Wilberforce receives $10 million donation
Atlanta-based alum helping to re-launch co-op program,
A Wilberforce University alumnus has donated $10 million to re-launch and re-imagine the university’s Cooperative Education Program.
In making the announcement, Mark Wilson, CEO of Atlanta-based Chime Solutions and the university’s board chair, said his company is investing in the newly formed Wilberforce Foundation to fund the first cohort of 100 students in the program.
“As a student at Wilberforce University,” Wilson said, “my experience with the Co-Op Program was life-changing and provided me with a mindset and set of skills which set me on a course of success in the corporate work environment and as an entrepreneur. This partnership is an act of gratitude to Wilberforce and a demonstration of what collaborative and innovative thinking can accomplish for our students.”
According to a Wilberforce release, the investment represents an intentional re-imagining of the Co-Operative Education Program at Wilberforce University, which was one of the first at an HBCU.

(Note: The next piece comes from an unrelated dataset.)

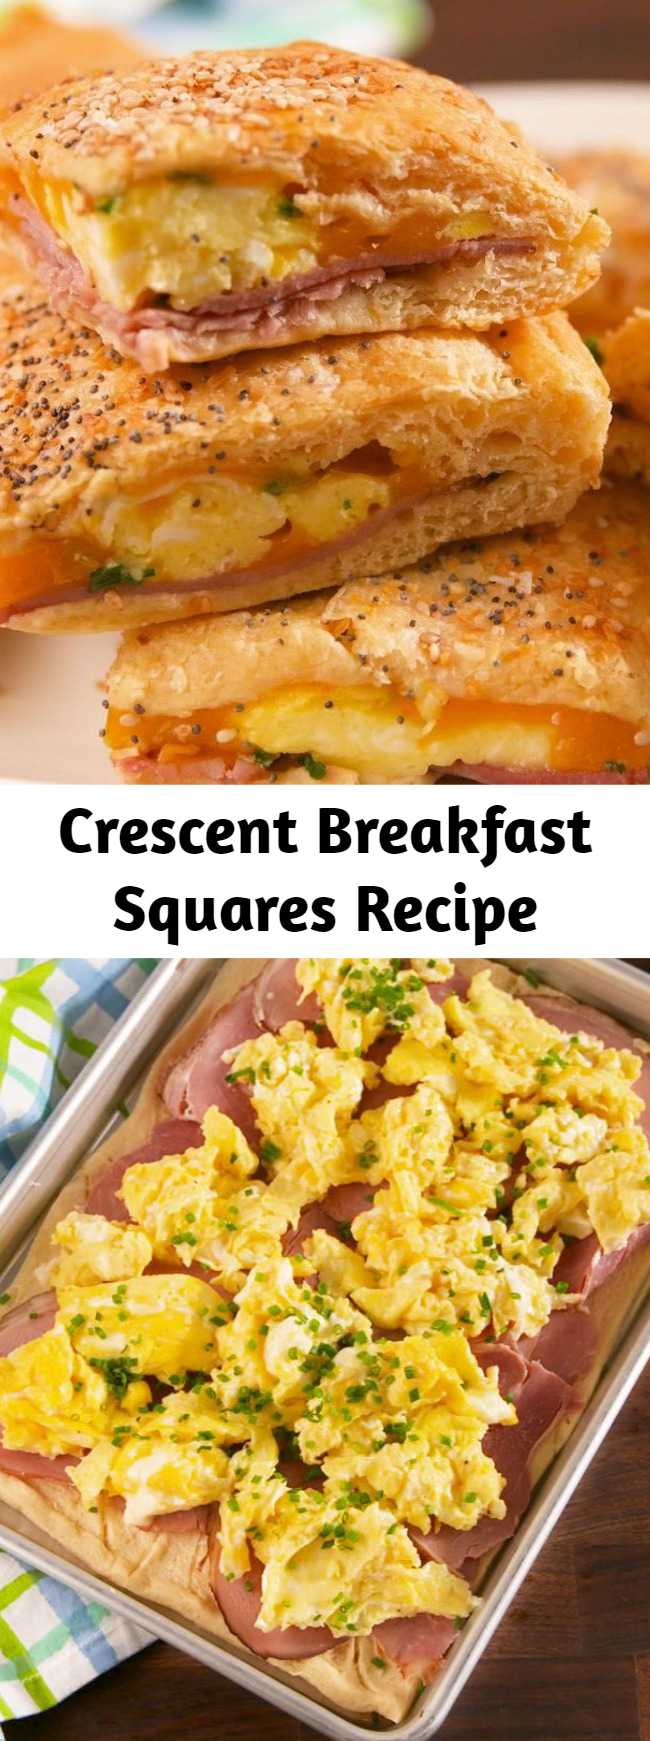 We love ourselves a good crescent dough hack, and this one is one of our faves. Look for dough you can buy as a full sheet (as opposed to the kind with perforated edges). It's not totally necessary, but it'll make things easier to assemble. #easy #recipe #eggs #cheese #crescentdough #dough #breakfast #brunch #ham #sheetpan #squares

Natalie Coles, vice president and chief development officer in the Office of Institutional Advancement, explained that in the past, companies would host Wilberforce students and train them on a specific job skill. This program, however, can bring the company to campus or take the student to the corporate entity.
Through the Co-Operative Emerging Leaders Program, students will be placed in workplace environments in on-and off-campus settings to gain the requisite skills and experience that the university said will put them on track for job placement upon graduation.
“The program is structured so that corporate partners directly contribute to the school and the students tuition costs,” Coles said. “These scholars then become a direct workplace pipeline of talent for those corporations that invest in this program.”